Scientific classification
- Kingdom: Plantae
- Clade: Embryophytes
- Clade: Tracheophytes
- Clade: Spermatophytes
- Clade: Angiosperms
- Clade: Monocots
- Clade: Commelinids
- Order: Arecales
- Family: Arecaceae
- Genus: Bactris
- Species: B. sphaerocarpa
- Binomial name: Bactris sphaerocarpa Trail
- Synonyms: Bactris tomentosa var. sphaerocarpa (Trail) A.J.Hend.; Bactris sphaerocarpa var. ensifolia Trail; Bactris sphaerocarpa var. minor Trail; Bactris sphaerocarpa var. pinnatisecta (Trail) A.D.Hawkes; Bactris sphaerocarpa subsp. pinnatisecta Trail; Bactris sphaerocarpa var. platyphylla Trail; Bactris sphaerocarpa var. schizophylla Drude;

= Bactris sphaerocarpa =

- Genus: Bactris
- Species: sphaerocarpa
- Authority: Trail
- Conservation status: LC
- Synonyms: Bactris tomentosa var. sphaerocarpa (Trail) A.J.Hend., Bactris sphaerocarpa var. ensifolia Trail, Bactris sphaerocarpa var. minor Trail, Bactris sphaerocarpa var. pinnatisecta (Trail) A.D.Hawkes, Bactris sphaerocarpa subsp. pinnatisecta Trail, Bactris sphaerocarpa var. platyphylla Trail, Bactris sphaerocarpa var. schizophylla Drude

Species of flowering plant

Bactris sphaerocarpa is a species of flowering plant in the family Arecaceae.
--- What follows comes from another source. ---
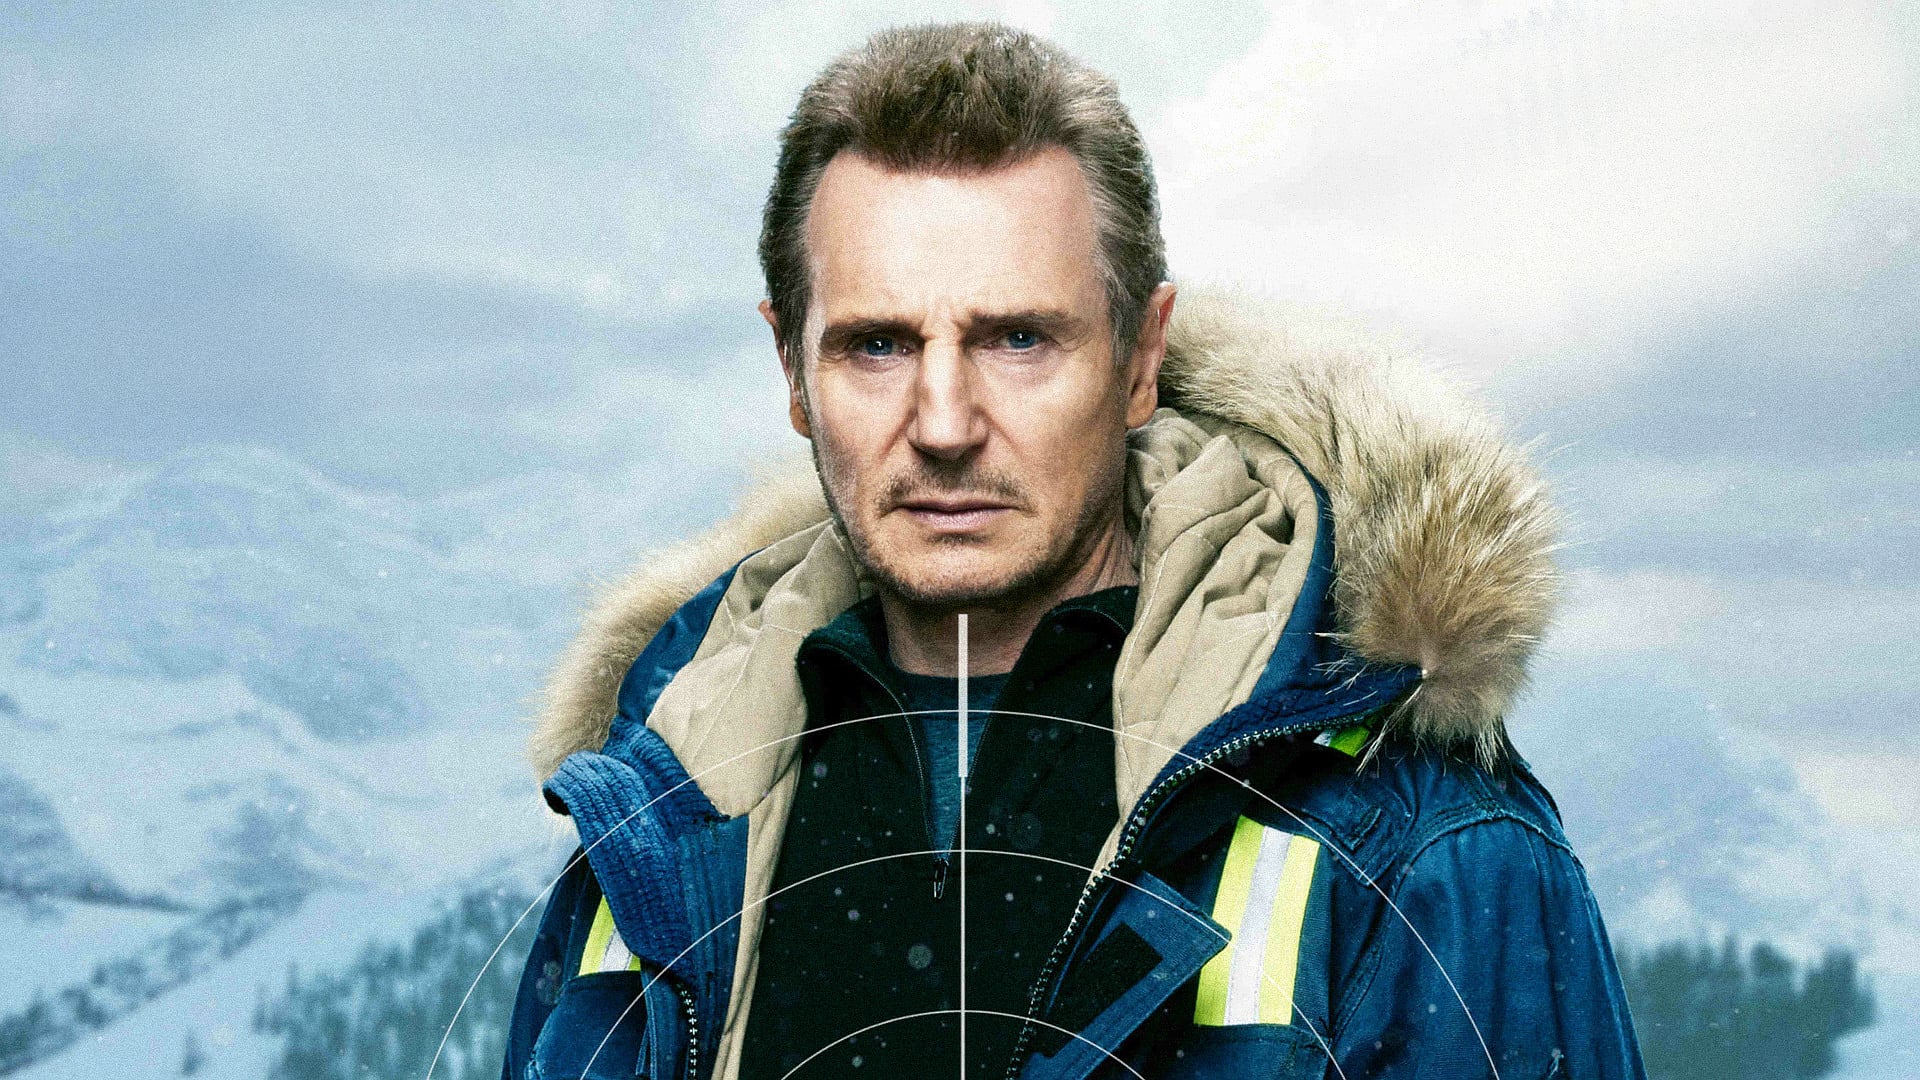 Se estrena “Venganza”, la nueva película de acción de Liam Neeson IMPULSO
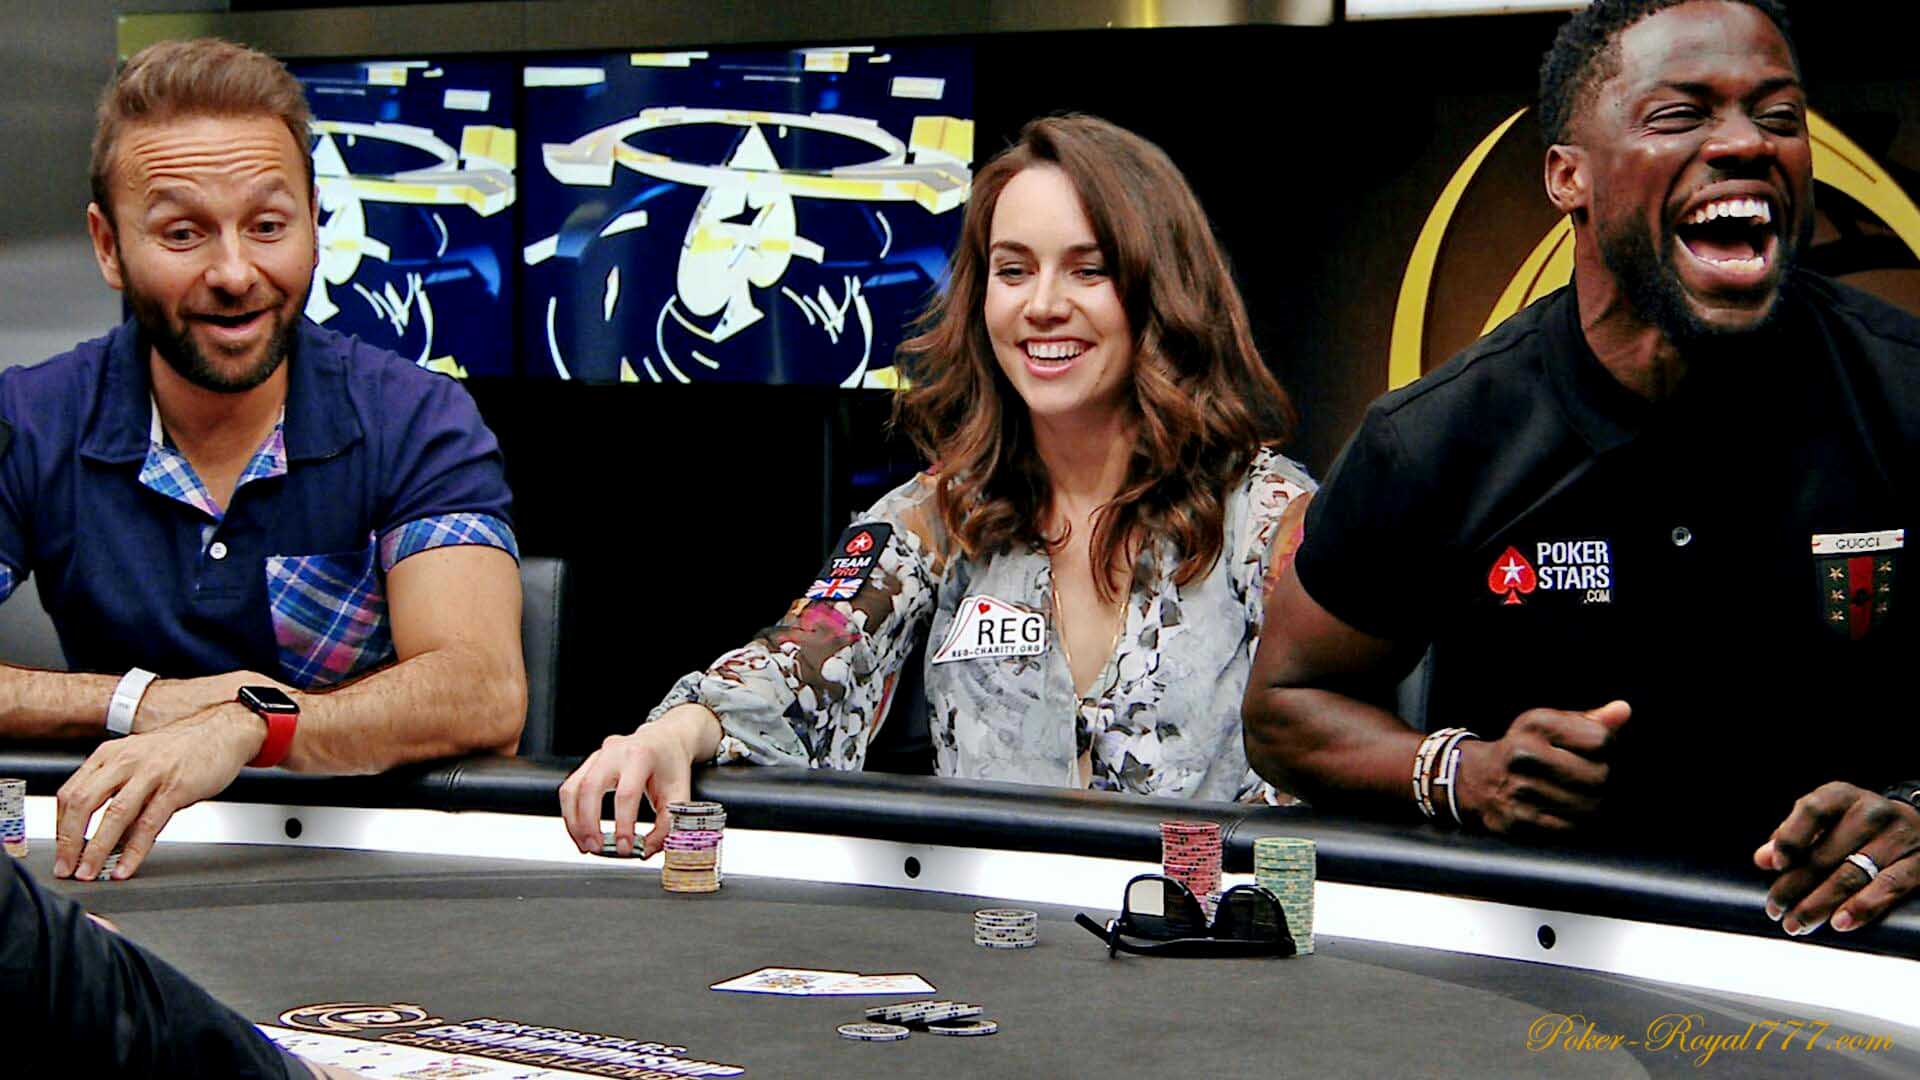 ТОП лучших игроков в покер среди женщин. Часть 1

It is a shrub or palm tree with black prickles, nine to thirteen leaves, and black to purplish fruits. The species is native to Brazil, Colombia, and Peru.

Bactris sphaerocarpa was described in 1877, and is listed as of Least Concern by the IUCN.

==Taxonomy==
The species was described by James W. H. Trail in 1877.

==Distribution==
Bactris sphaerocarpa is native to the wet tropical biome of Colombia (Amazonas), Peru (Loreto and Madre de Dios), and north-west Brazil (Acre and Amazonas). It grows in lowland rainforests, at elevations of 150-400 m.

==Description==
Bactris sphaerocarpa is a shrub or palm tree. The stem is up to 2 m high, and 0.8-1.5 cm wide. The plant has black prickles that are up to 3 cm long.

The plant has nine to thirteen leaves, which are pinnate, or have smooth edges. There are two to seven pinnae on each side. The leaves are up to 50 cm long, and 15 cm wide. The leaf stems are 10-28 cm long.

The flower stems are around 6 cm long, and lack spines. The male flowers are 5-6 mm long, and have six stamens. The sepal lobes are 1-2 mm long. The female flowers are 3.5-4.5 mm long. The calyx and corolla are 3-4 mm long, and tube-shaped.

The fruits are ovoid, black to purplish, up to 2.5 cm long, and up to 1.7 cm wide. The epicarp is smooth, the mesocarp is juicy, and the endocarp is turbinate.

==Uses==
Bactris sphaerocarpa is used for food.

==Conservation==
In 2022, the IUCN assessed Bactris sphaerocarpa as of Least Concern.

==Nomenclature==
In Portuguese, the species is known as Marajá or Marajazinha. In Spanish, the species is known as Ñejilla.